Lockerung des Euro-Stabilitätspakts Ökonomen warnen vor Rückkehr der Krise

Freibrief „zu hemmungsloser Verschuldung“.

Berlin – Führende Ökonomen in Deutschland haben davor gewarnt, die von Frankreich und Italien forcierten und von Bundeswirtschaftsminister Sigmar Gabriel (SPD) unterstützen Pläne zu einer möglichen Lockerung der EU-Defizitregeln in die Tat umzusetzen: Eine Regelung, wie sie von Paris und Rom angestrebt wird, wäre ein Freibrief „zu hemmungsloser Verschuldung und der sicherste Weg, die Euro-Krise schnell wiederzubeleben“, sagte der Chefökonom der Dekabank, Ulrich Kater, „Handelsblatt-Online„.

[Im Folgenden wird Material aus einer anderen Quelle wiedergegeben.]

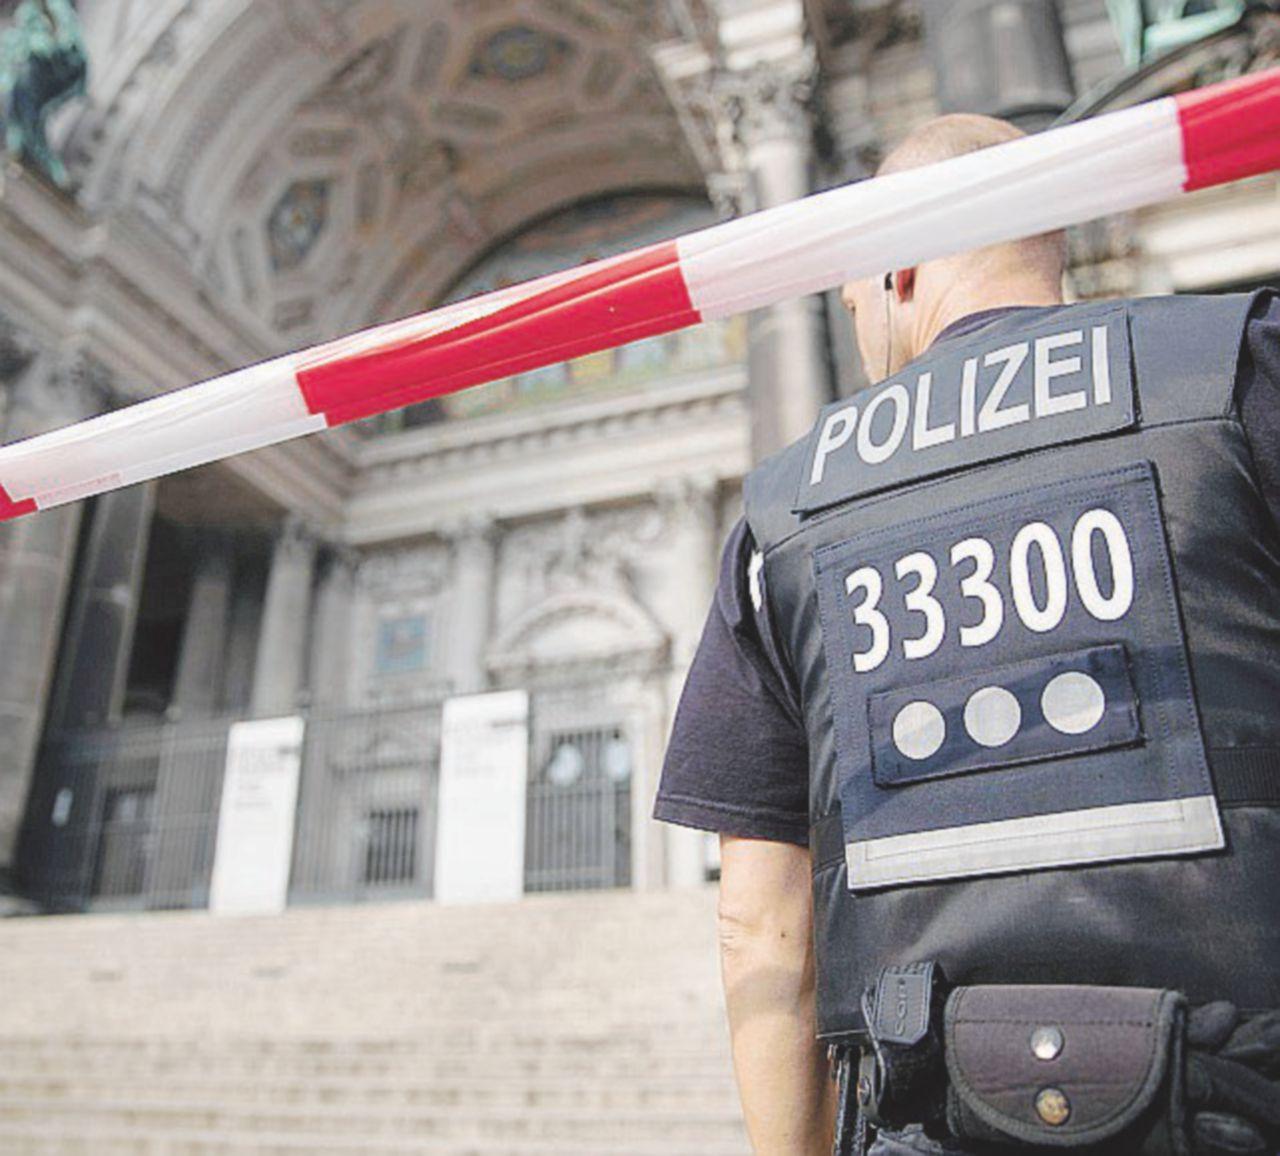 Berlino, polizia spara a un sospetto nel duomo
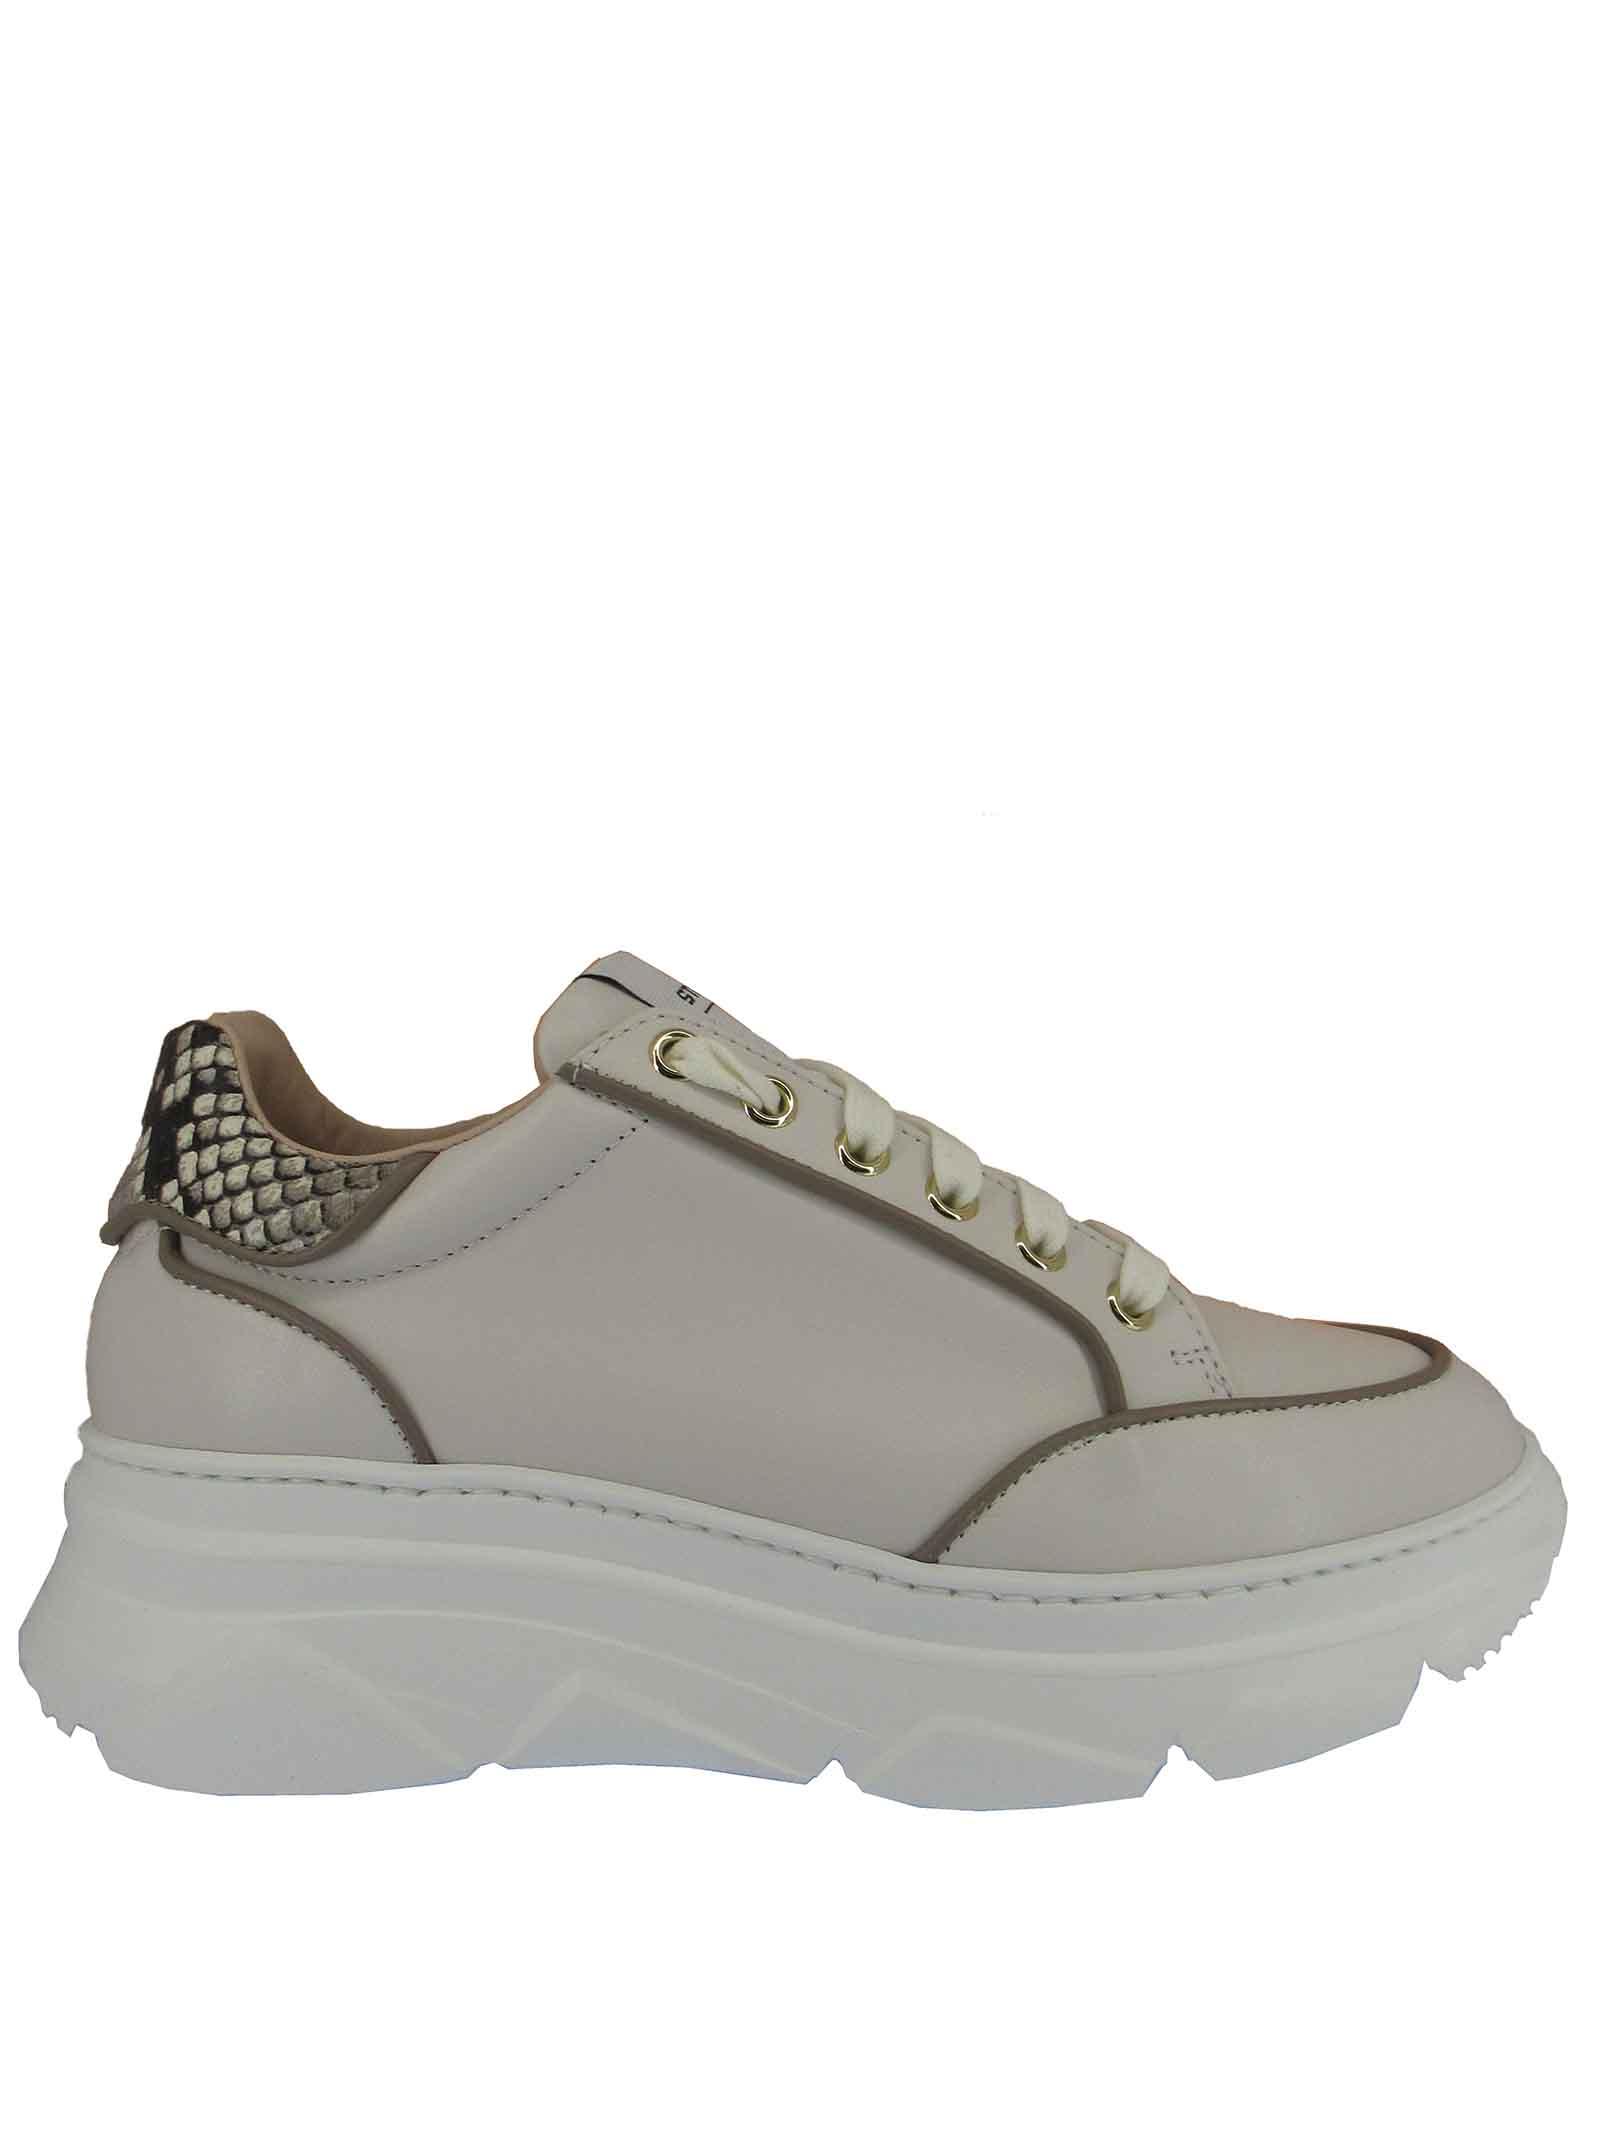 Calzature Donna Sneakers Stringate in Pelle Panna con Riporti in Pelle Pitone e Fondo Zeppa Stokton   Sneakers   421-D502

Ähnlich äußerte sich der Chefvolkswirt der DZ Bank, Stefan Bielmeier. „Für die Glaubwürdigkeit der Maastricht-Verträge wäre eine solche Entwicklung sicherlich ein Rückschritt, was sich mittelfristig auch auf das Investorenvertrauen ungünstig auswirken kann“, sagte Beilmeier. „Einfache und klare Regeln, wie die derzeitigen Maastricht-Regeln, und ein glaubwürdiger Sanktionsprozess sind für die finanzielle Entwicklung des Euro-Raums wohl besser geeignet als ein Regelwerk mit viel Interpretationsspielraum.“

Der Chefvolkswirt der Commerzbank, Jörg Krämer, wies darauf hin, dass das Aufweichen des Stabilitätspakts vor zehn Jahren mitursächlich am Entstehen der Staatsschuldenkrise gewesen sei. „Wenn die Regierungen in Paris und Rom den zwischenzeitlich etwas geschärften Pakt nun erneut aufweichen wollen, dann ignorieren sie die Lehren aus der Staatsschuldenkrise.“

Kritisch sieht Krämer auch die Geldpolitik der Europäischen Zentralbank (EZB). „Frankreich und Italien können nur deshalb auf mehr Staatsschulden drängen, weil die EZB durch eine Japanisierung der Staatsschuld heilsamen Druck von ihnen genommen hat.“ Durch ihre faktische Nullzinspolitik hätten die Währungshüter die Renditen von Staatsanleihen und damit die Zinslast auf Rekordtiefs gesenkt.

Aus Sicht des Präsidenten des Deutschen Instituts für Wirtschaftsforschung (DIW), Marcel Fratzscher, fehlen den derzeit kursierenden Plänen für eine Lockerung beziehungsweise Neuinterpretation des Stabilitätspakts zwei zentrale Elemente. „Zum Einen müssen Länder fehlende Reformen nun endlich umsetzen, sonst wird es kein Wachstum geben können“, sagte Fratzscher „Handelsblatt-Online“. Und es fehle eine zweite Bedingung, die für den Erfolg einer solchen Strategie unabdingbar sei: Die Regierungen müssten einen konkreten Plan vorlegen, wie sie langfristig Schulden abbauen wollen.